Tim - I say it like I see it matey and Victoria's a damned good wax well worth its place in my garage :thumb:


----------



## Liverpool-Lad (Jun 27, 2006)

How much was the wax if you dont mind me asking?

And please invest in a better exhaust to finish the car off


----------



## AndyC (Oct 25, 2005)

Liverpool-Lad said:


> How much was the wax if you dont mind me asking?
> 
> And please invest in a better exhaust to finish the car off


http://www.detailingworld.co.uk/showthread.php?t=19797

See there for prices mate :thumb:

Exhaust?  but you're quite right, a nice polished job would look the nuts


----------



## King Eric (Feb 27, 2006)

AndyC said:


> Exhaust?  but you're quite right, a nice polished job would look the nuts


And remove the element of suprise as the Mi-16 engine is on the cam?


----------



## CK888 (Apr 23, 2006)

Phoarr that looks stunning!


----------



## L200 Steve (Oct 25, 2005)

Looks sweet Mr C:wave:


----------



## deej (Jun 18, 2006)

Looks great, i too remember first seeing this wax and thinking how crappy the packaging was.


----------



## Exotica (Feb 27, 2006)

Looks fantastic, looks like its up there with the best.


----------



## RefinedDetails (Dec 17, 2006)

very nice, I was tossing up weather to buy P21S or Victoria wax, I think this has wavered me considering its only an extra £10 or so.

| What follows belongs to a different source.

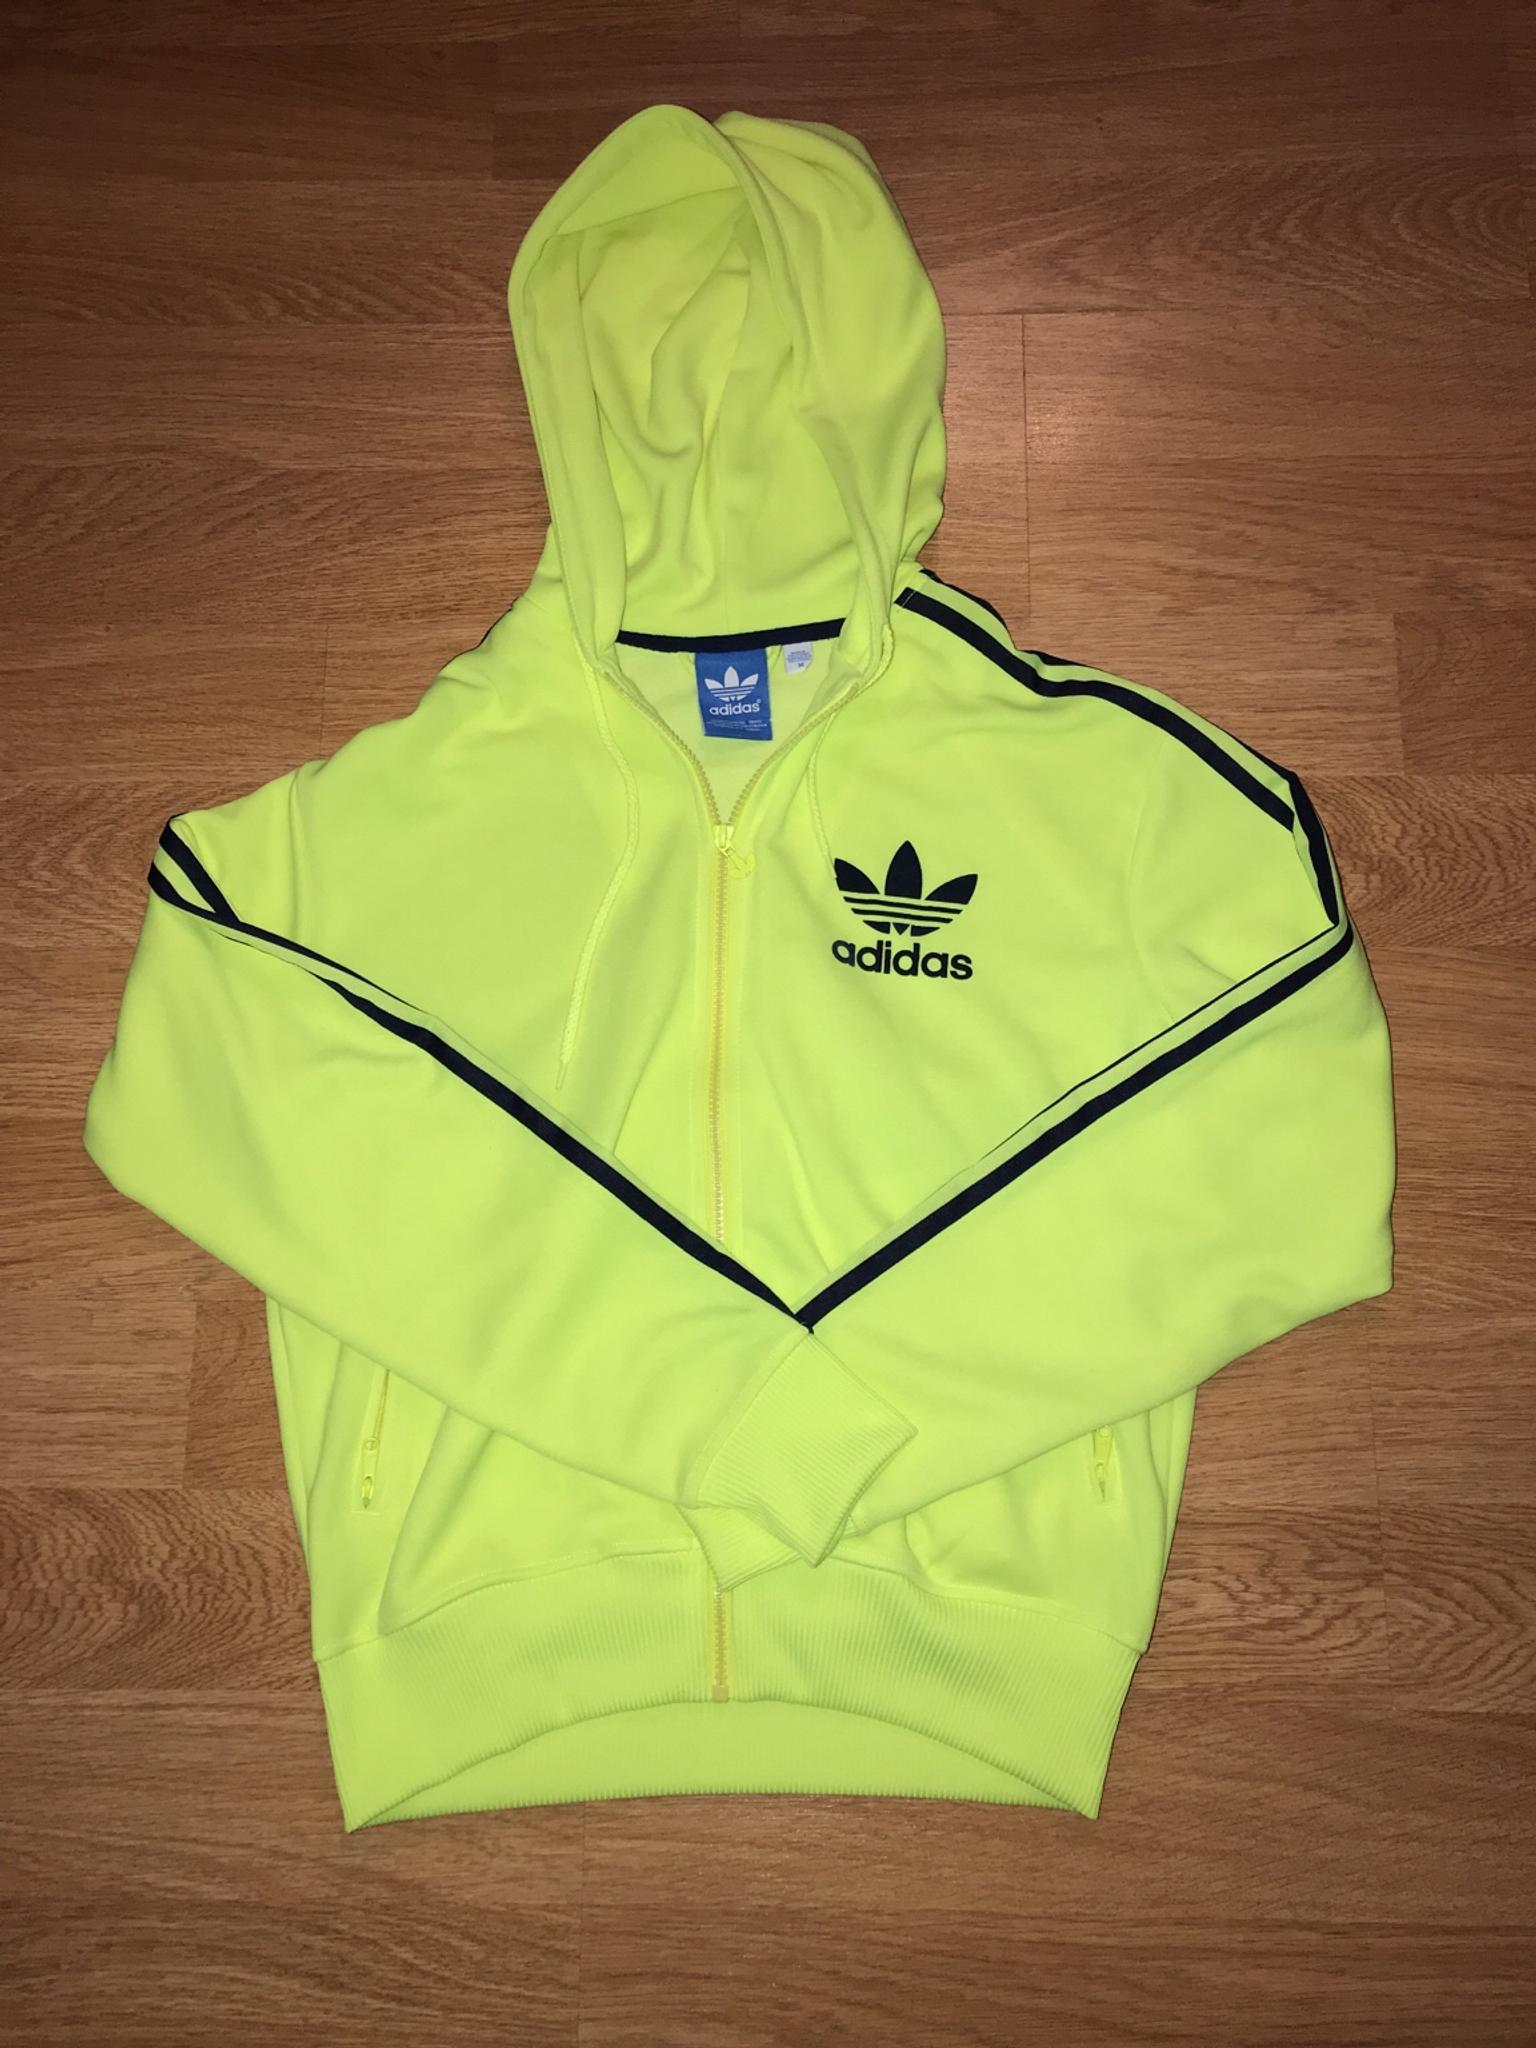 Adidas Neon Jacket in WS9 Walsall for

that 205 is mint, i've wanted one for ages


----------



## Exotica (Feb 27, 2006)

deej said:


> Looks great, i too remember first seeing this wax and thinking how crappy the packaging was.

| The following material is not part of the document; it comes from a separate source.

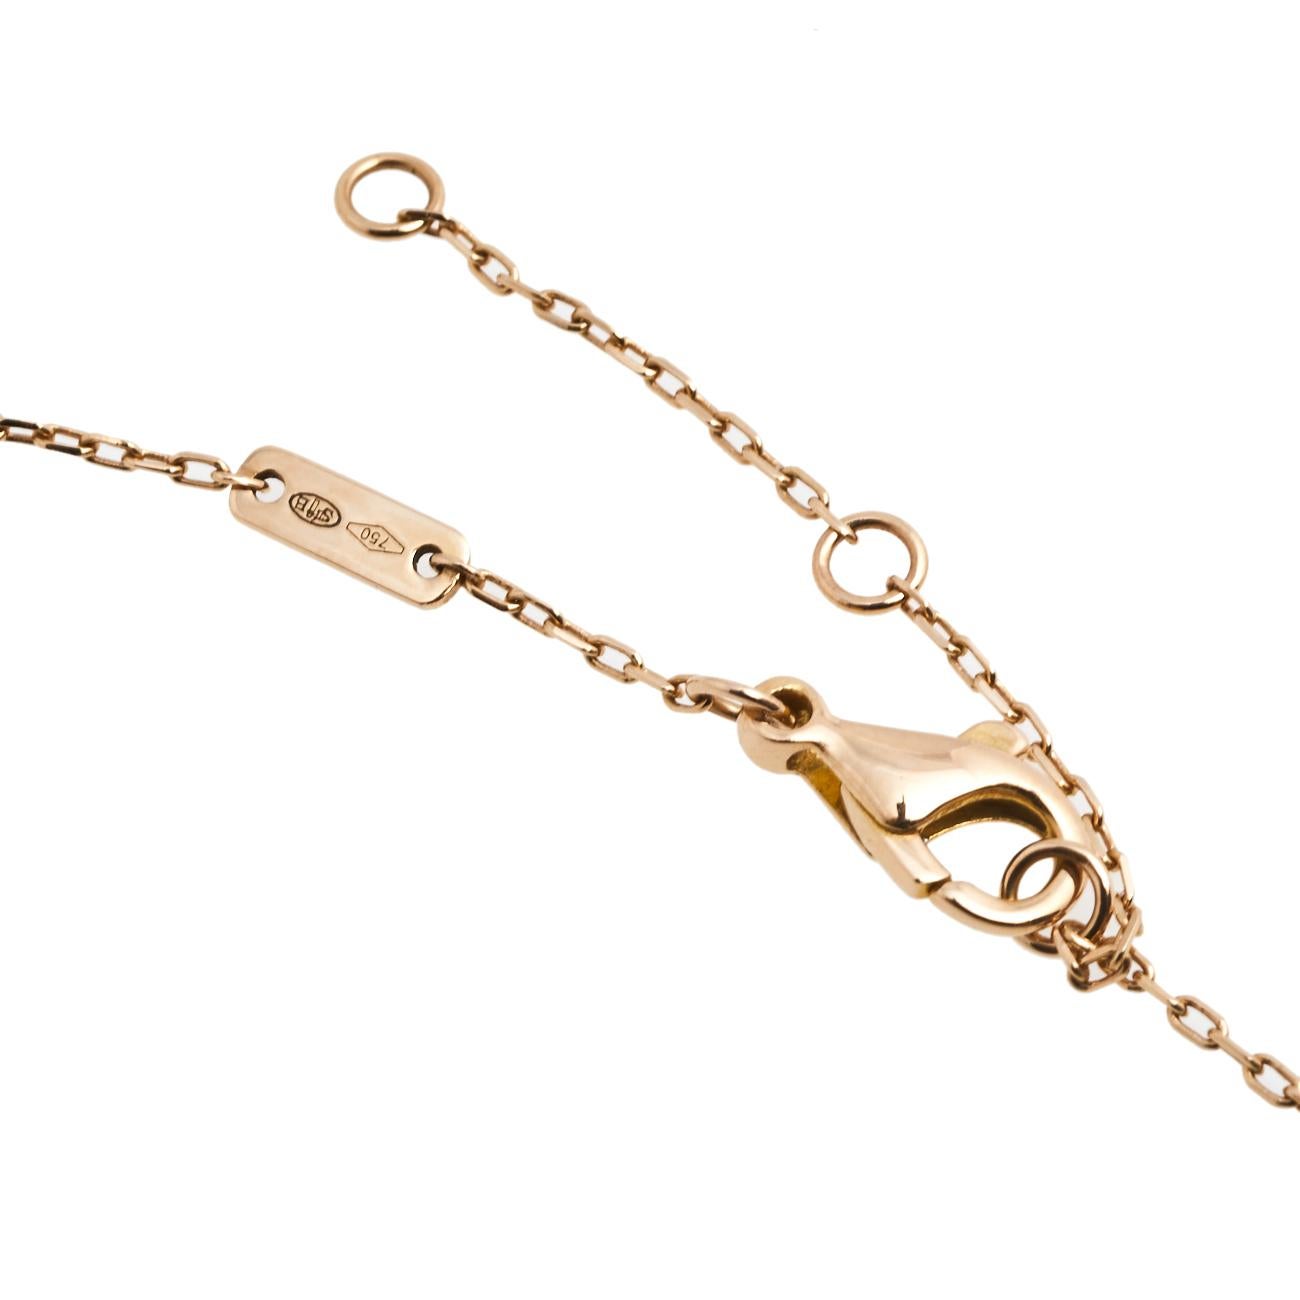 This incredible necklace from Boucheron's Plume de Paon collection has been created by Maison's skilled craftsmen with such precision that every line and curve is smoothened to perfection. The necklace is sculpted using 18k rose gold and the chain,

As the saying goes, never judge a book by its cover. I do agree though.


----------



## Rich (Oct 26, 2005)

Stunning as ever Andy.


----------



## Scotsbil (Nov 27, 2006)

Cracking finish to your car and a well written review. Excellent cheers


----------



## Mouse (Oct 31, 2006)

I love that car


----------



## Bulla2000 (Jun 5, 2007)

LOve to black color, looks awesome.


----------



## dirk (Jun 2, 2007)

I am using the vic concours at the moment well happy with it


----------



## Nica (Jul 4, 2007)

Very nice review, I just started using the Victoria Concourse and I'm very pleased with it. I find it very easy to apply and remove and the finish it leaves is very nice. Well worth the price, I find the price very cheap but that's just me.


----------



## MrSimba (Mar 18, 2007)

I love Victoria Concours on my Black VX

After 3 coats it gives a real depth that nothing else I have tried has managed.


----------



## Phil H (May 14, 2006)

stunning Andy, i have yet to try my pot!


----------



## dirk (Jun 2, 2007)

fantastic finish


----------



## Thomas-182 (Mar 5, 2006)

Lovely looking finish mate, on a very tide car :thumb:


----------